By Lak Lakshmanan, Technical Director of Google Cloud Platform
The original link: mp.weixin.qq.com/s/MhadSlQER…
If you have a sparse classification variable (one that can have multiple possible values), embedding that variable in a lower dimension can be very useful. The best known form of embedding is word nesting (such as word2vec or Glove nesting), where all words in a language are represented by a vector of about 50 elements. The idea is that similar words are very close together in 50 dimensions. You can do the same with categorization variables, using a problem training nesting and then using that nesting again, rather than singly heat-coding categorization variables in related questions. The nested lower dimensional space is continuous, so the nesting can also serve as input to the clustering algorithm — you can find natural groupings of classification variables.
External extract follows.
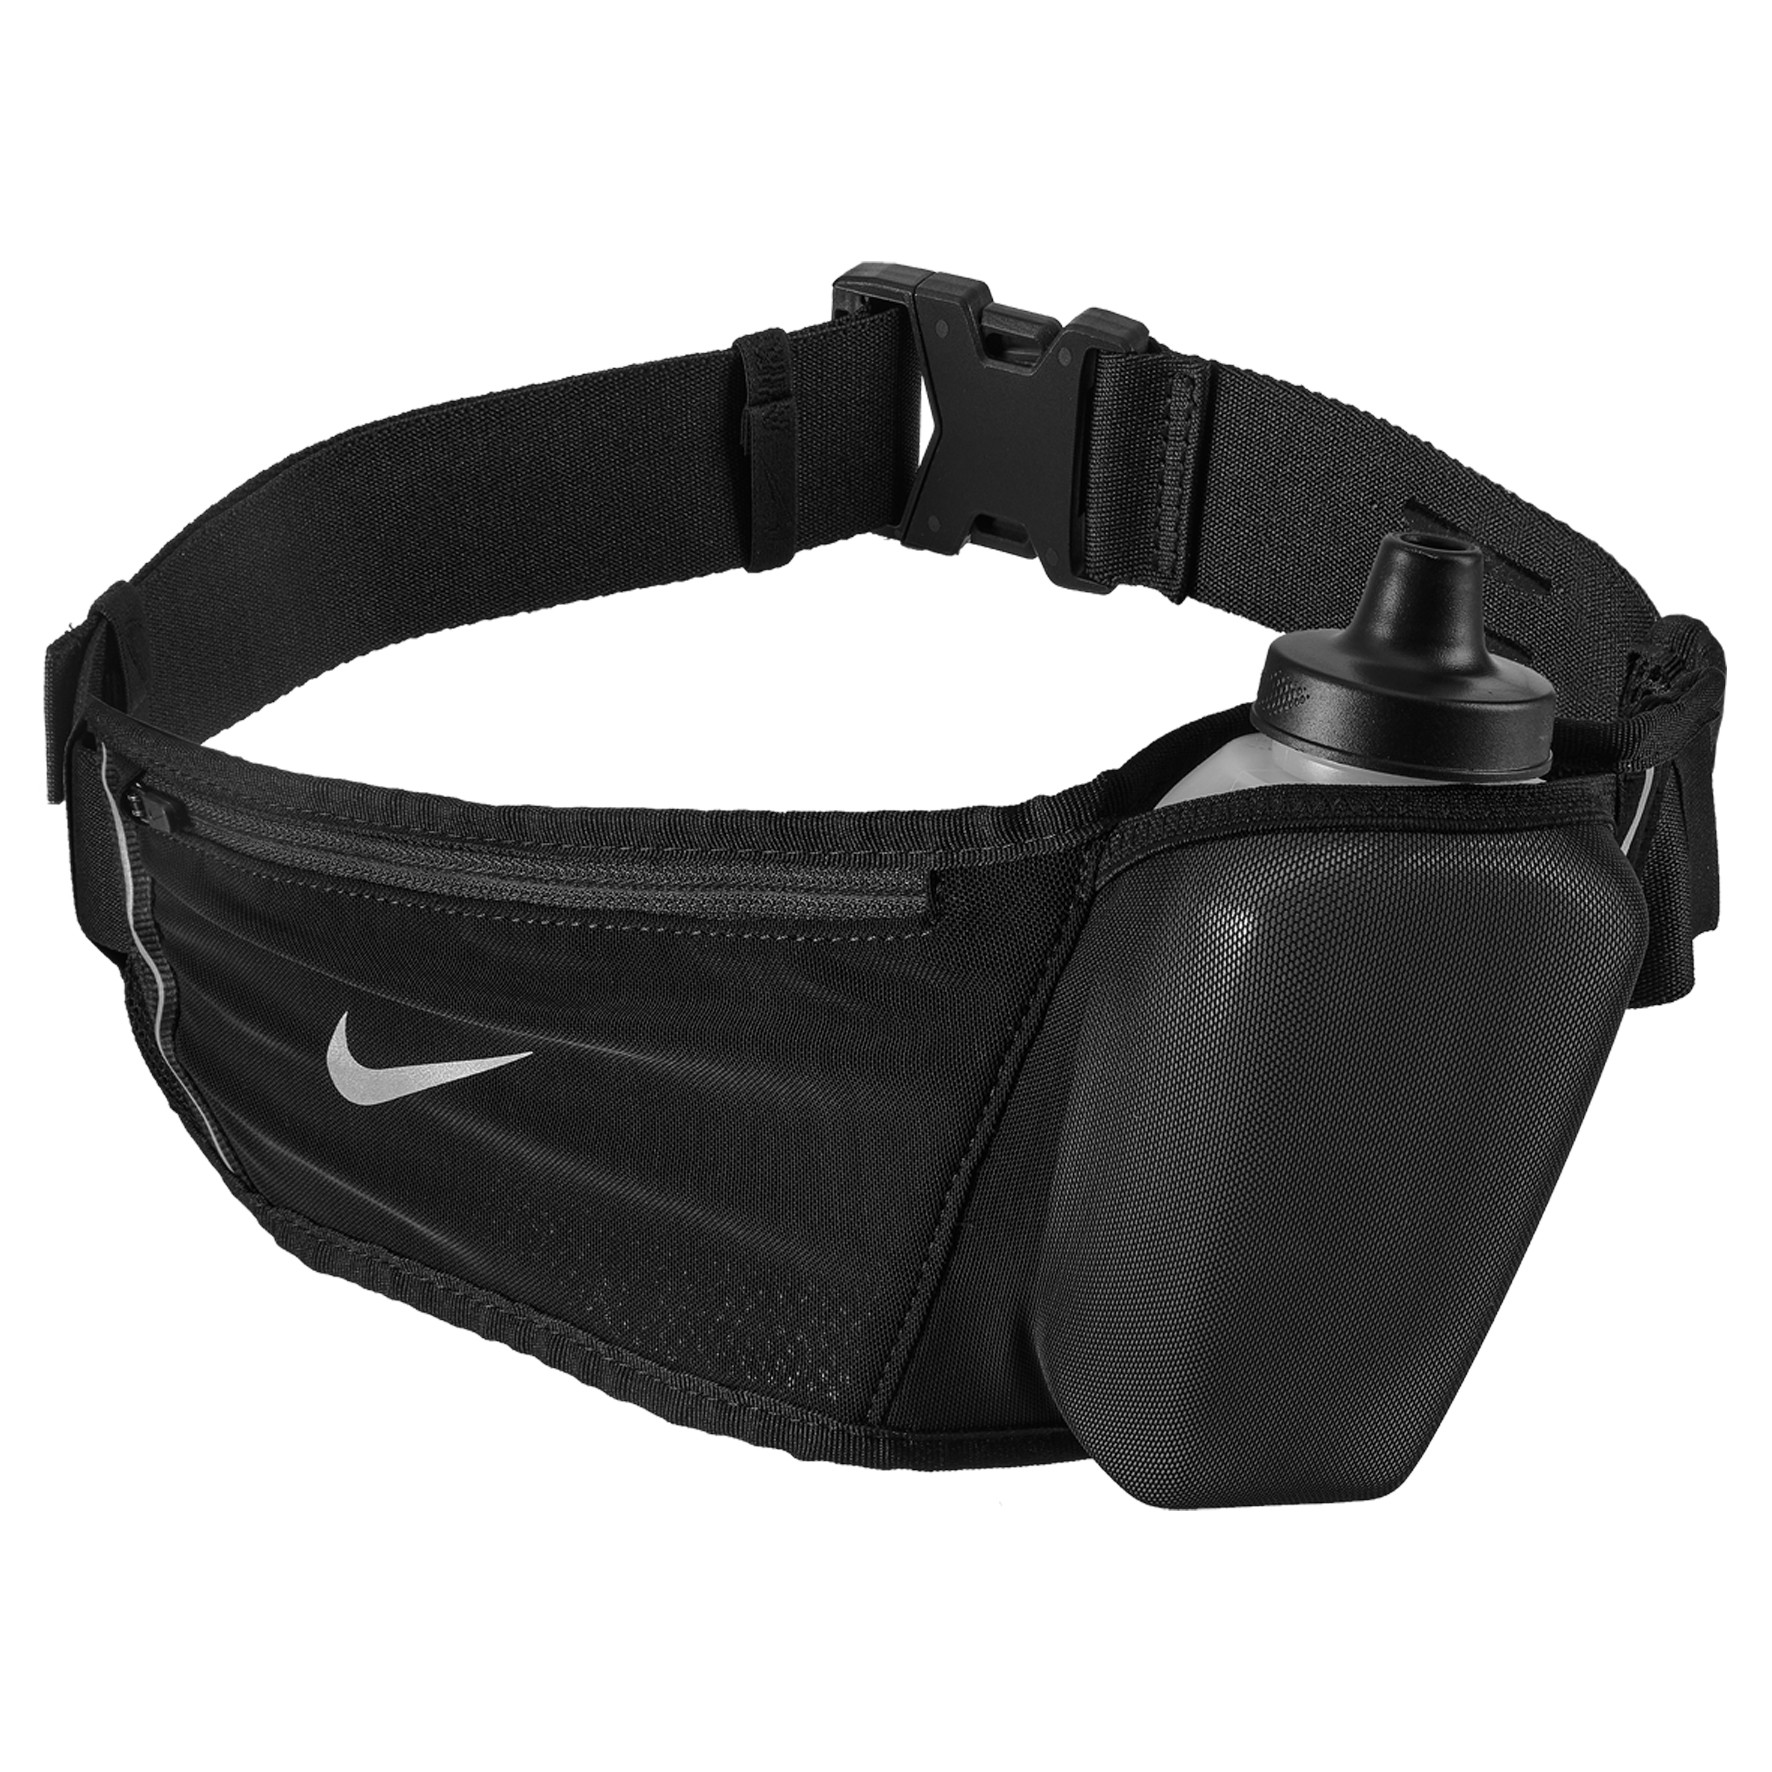 Produktbild von Nike Flex Stride Trinkgürtel 12 oz / 354 ml - schwarz/schwarz/silber 082

To provide nesting using estimator training, you can emit lower-dimensional representations of categorization variables along with ordinary predictive output. The nested weights are stored in the SavedModel and have an option to share the file itself. Alternatively, you can provide nesting on demand for the machine learning team’s clients, which are now only loosely coupled to the model architecture of your choice, so this may be easier to maintain. Each time a newer and better version replaces your model, the client gets the updated nesting.
In this article, I will show you how to: Create nesting in regression models or classification models represent classification variables in different ways using feature columns for mathematical calculations to distribute nesting and the output of the original model
You can find the full code for this article, with more context, on GitHub. I’ll just show you the key code snippets here. Note: GitHub links to github.com/GoogleCloud…
Let’s build a simple demand forecasting model to predict the number of bike rentals at bike rental stations in the early days of the week given whether it will rain or not. The data required came from publicly available datasets of New York City bike rentals and NOAA weather data:
The inputs to the model are as follows: Day of the week (integers from 1 to 7) Rental station ID (since we don’t know the full vocabulary, we use hash storage partitions here. The data set has about 650 unique values. We’ll use a large hash storage partition, but then embed it in a lower dimension.) Rain (true/false)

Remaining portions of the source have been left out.